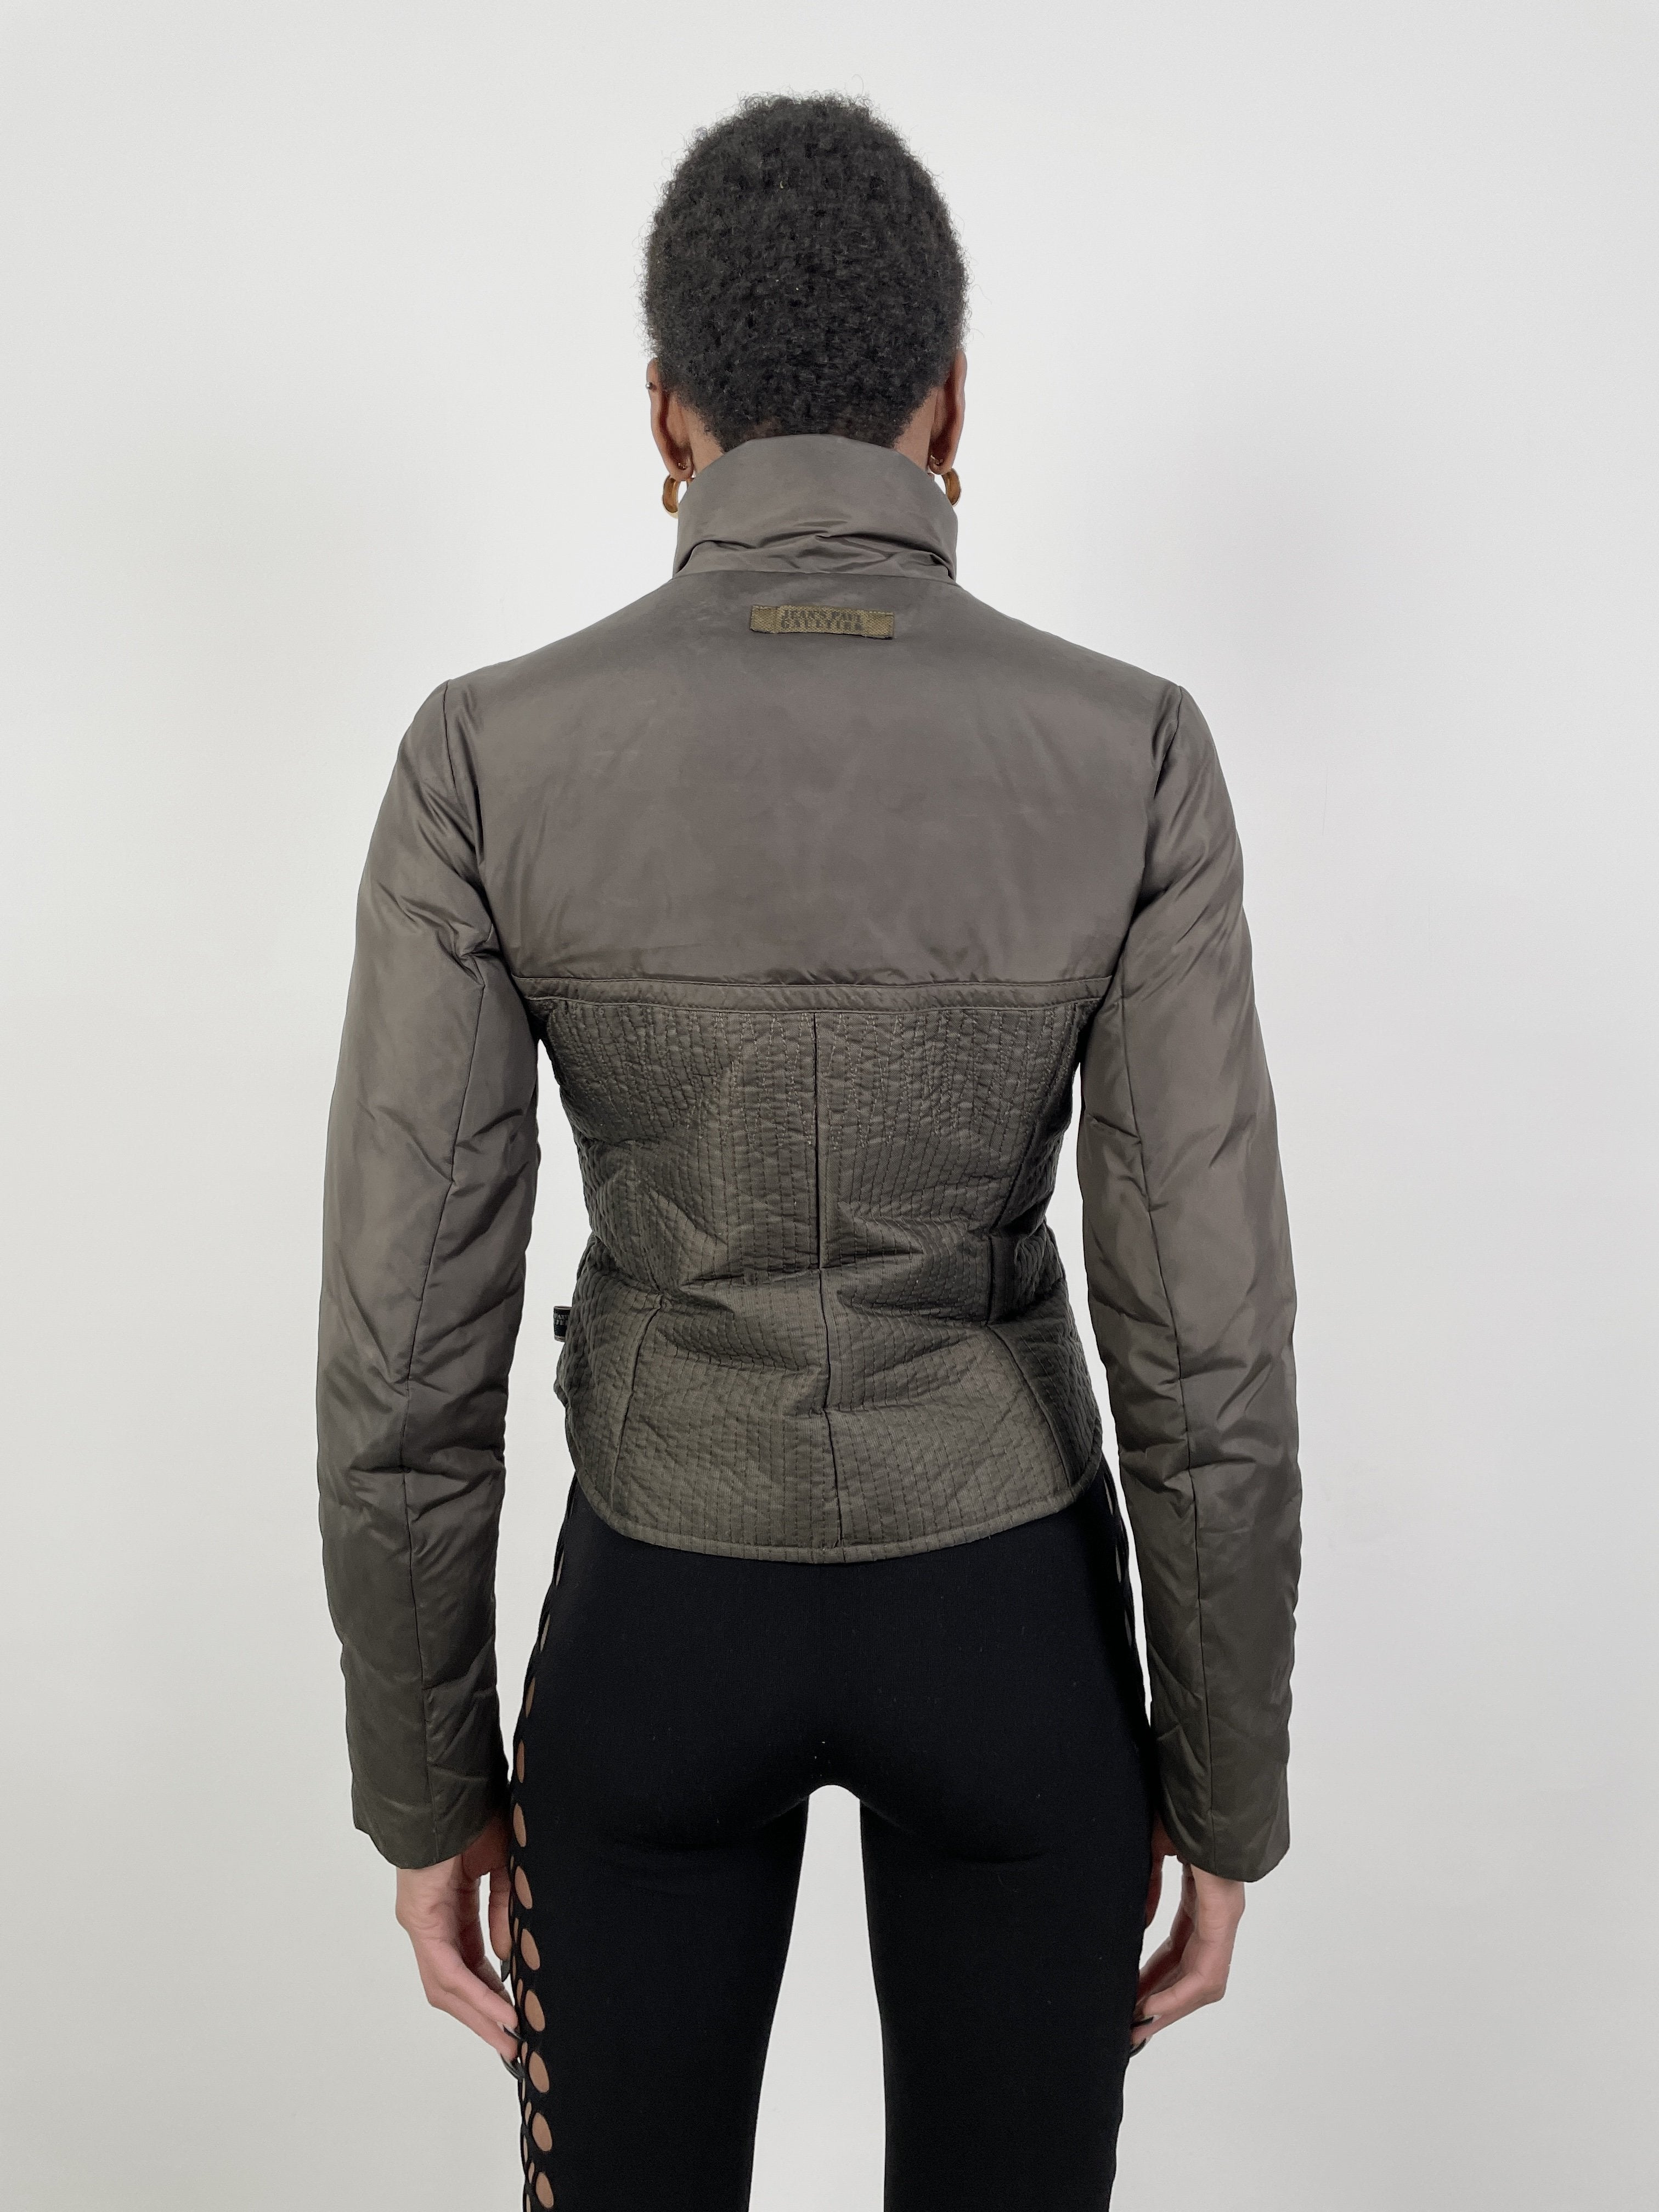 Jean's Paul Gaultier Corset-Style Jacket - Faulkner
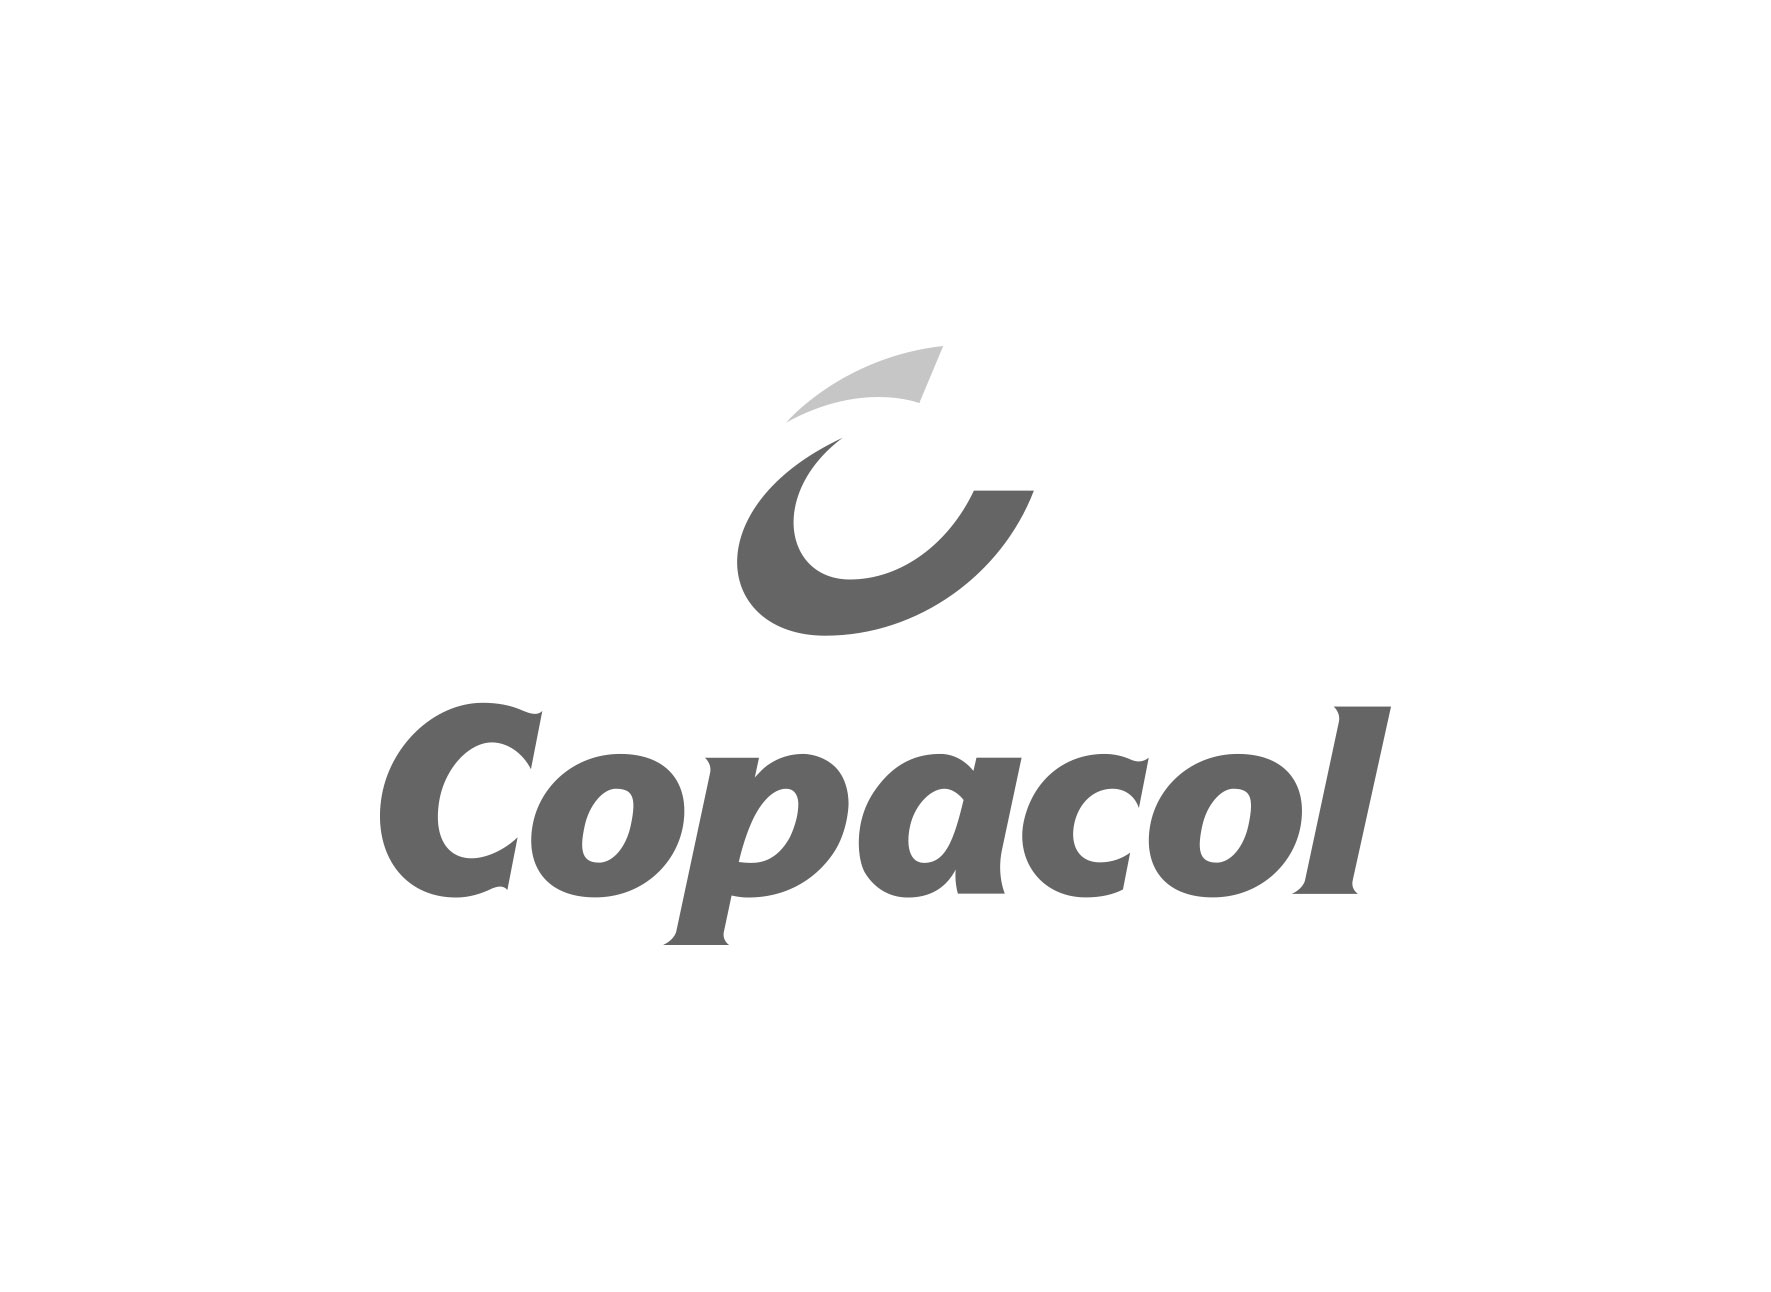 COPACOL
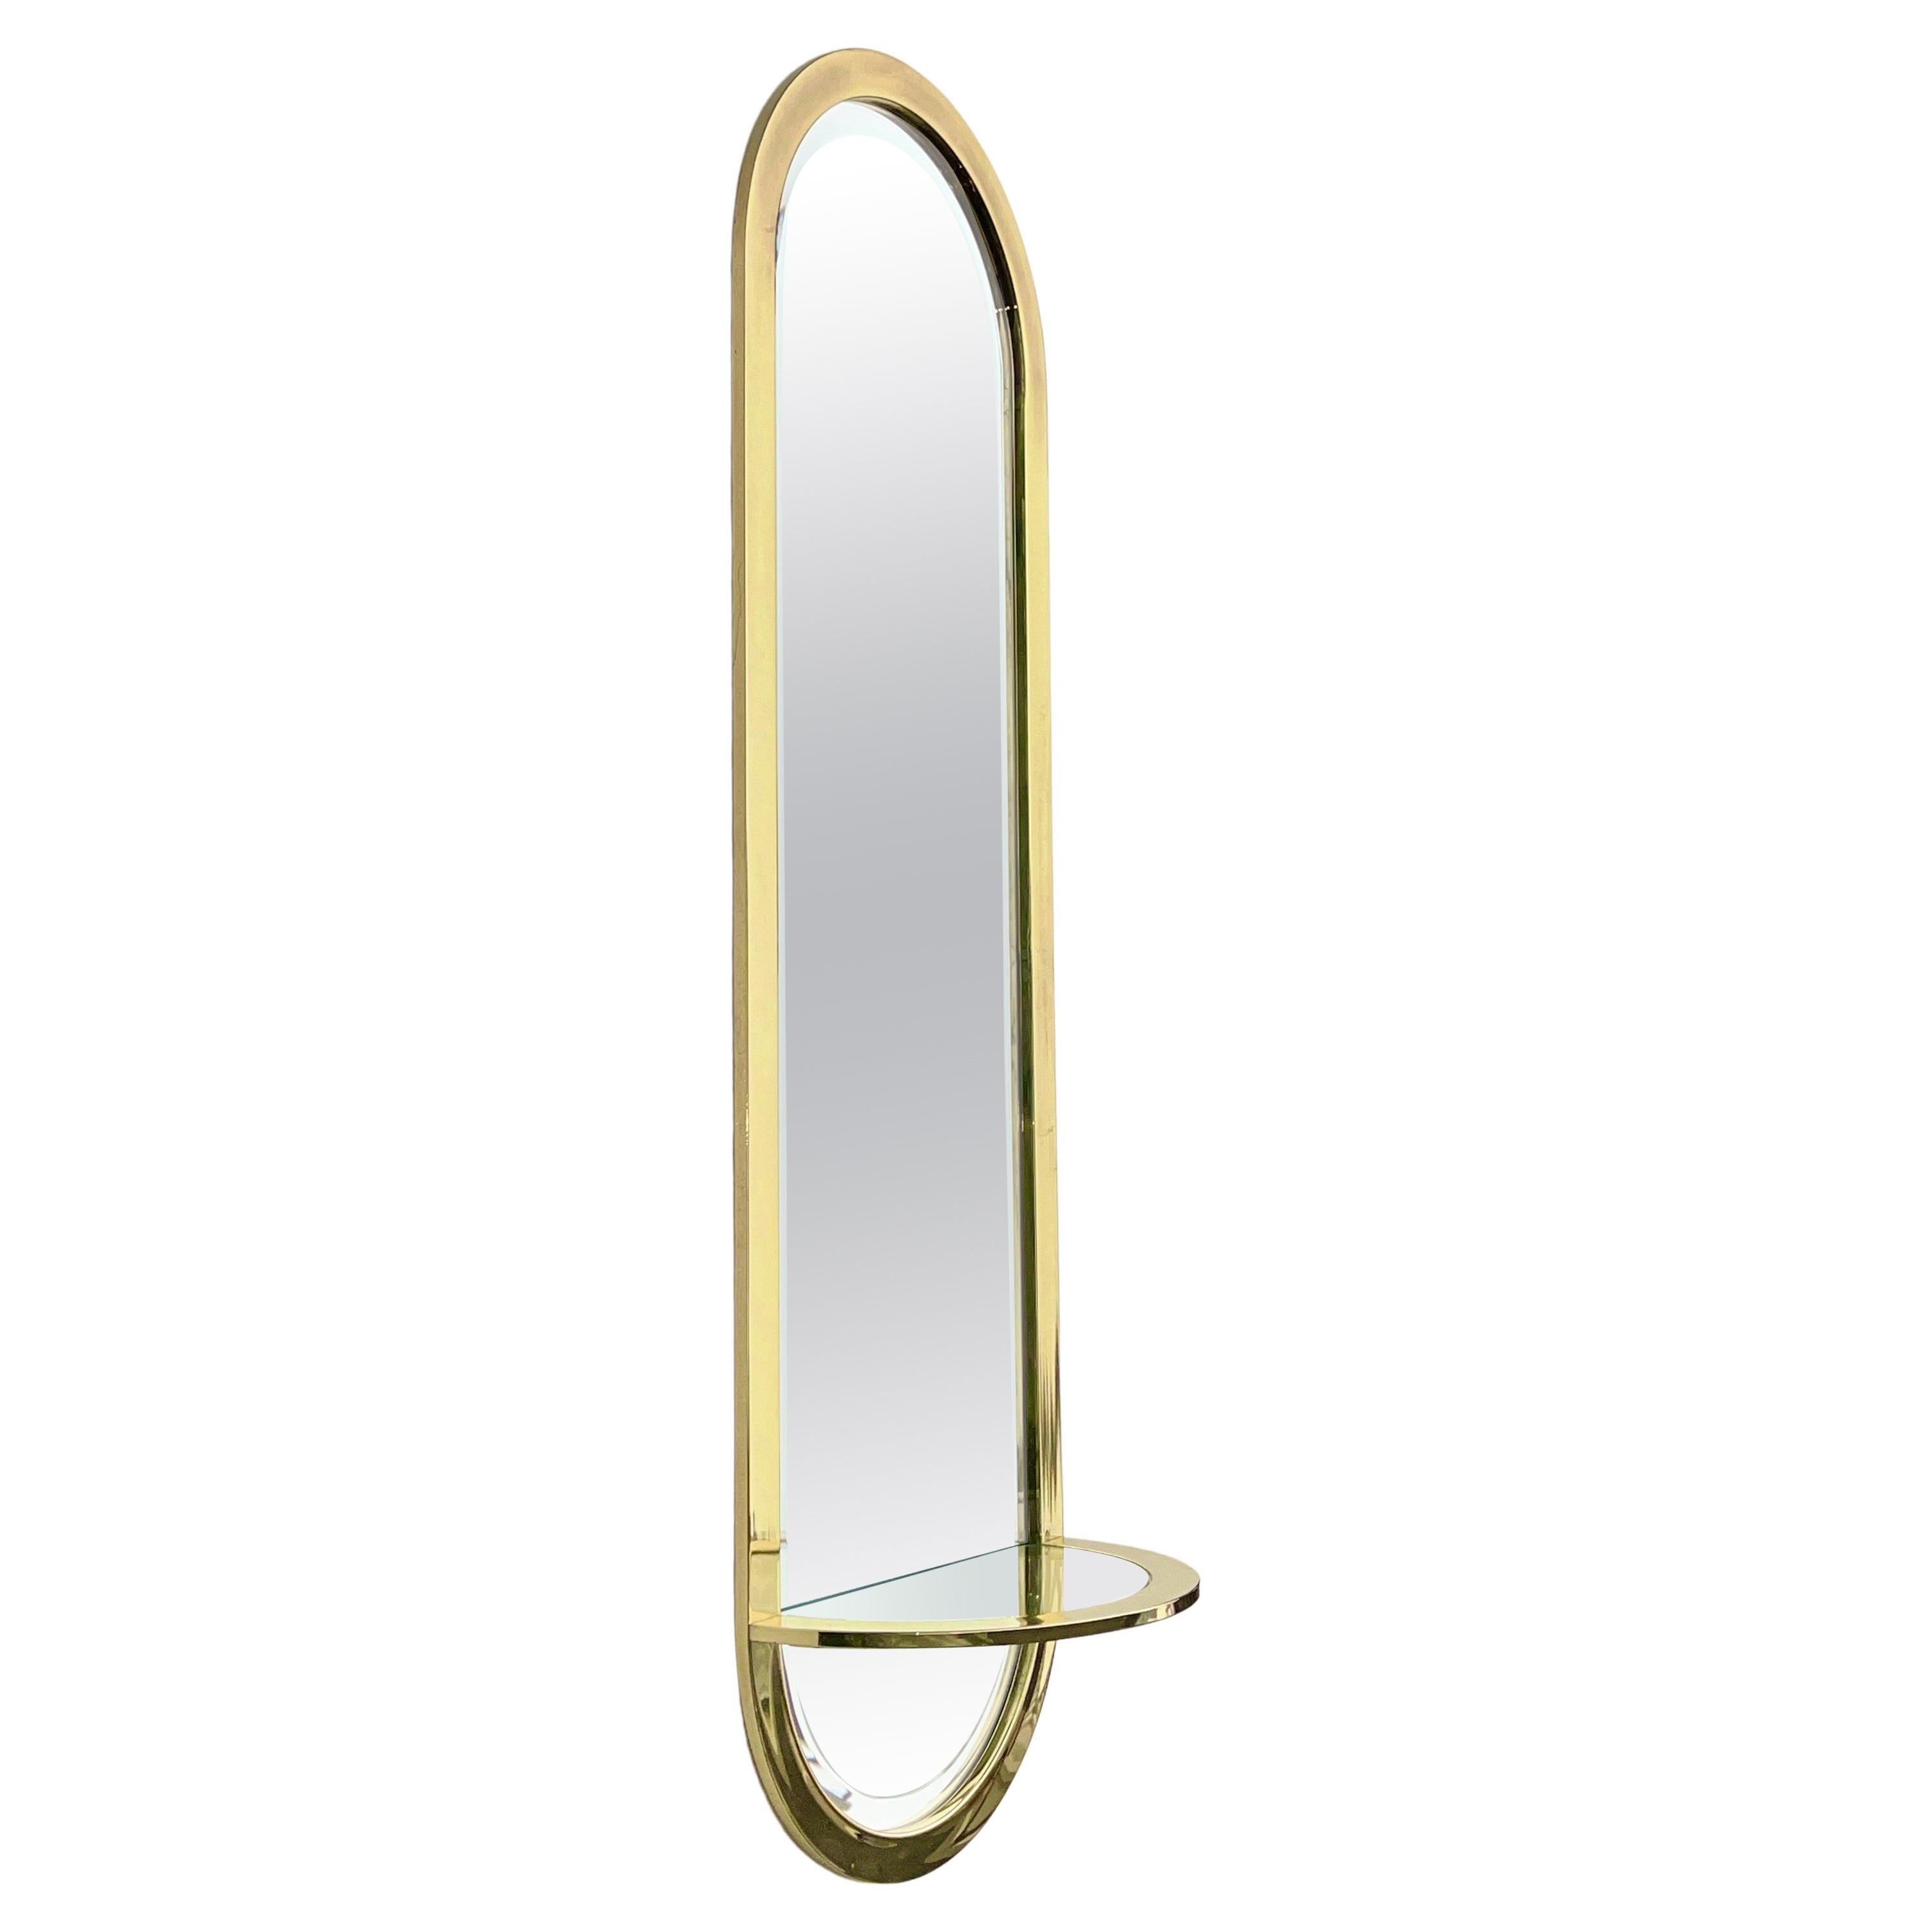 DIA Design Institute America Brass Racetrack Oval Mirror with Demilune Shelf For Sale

What you need to do:
Text only, please: give the listing again word for word with no images.

Result for this exercise:
 Jean's Paul Gaultier Corset-Style Jacket - Faulkner
 COPACOL
 DIA Design Institute America Brass Racetrack Oval Mirror with Demilune Shelf For Sale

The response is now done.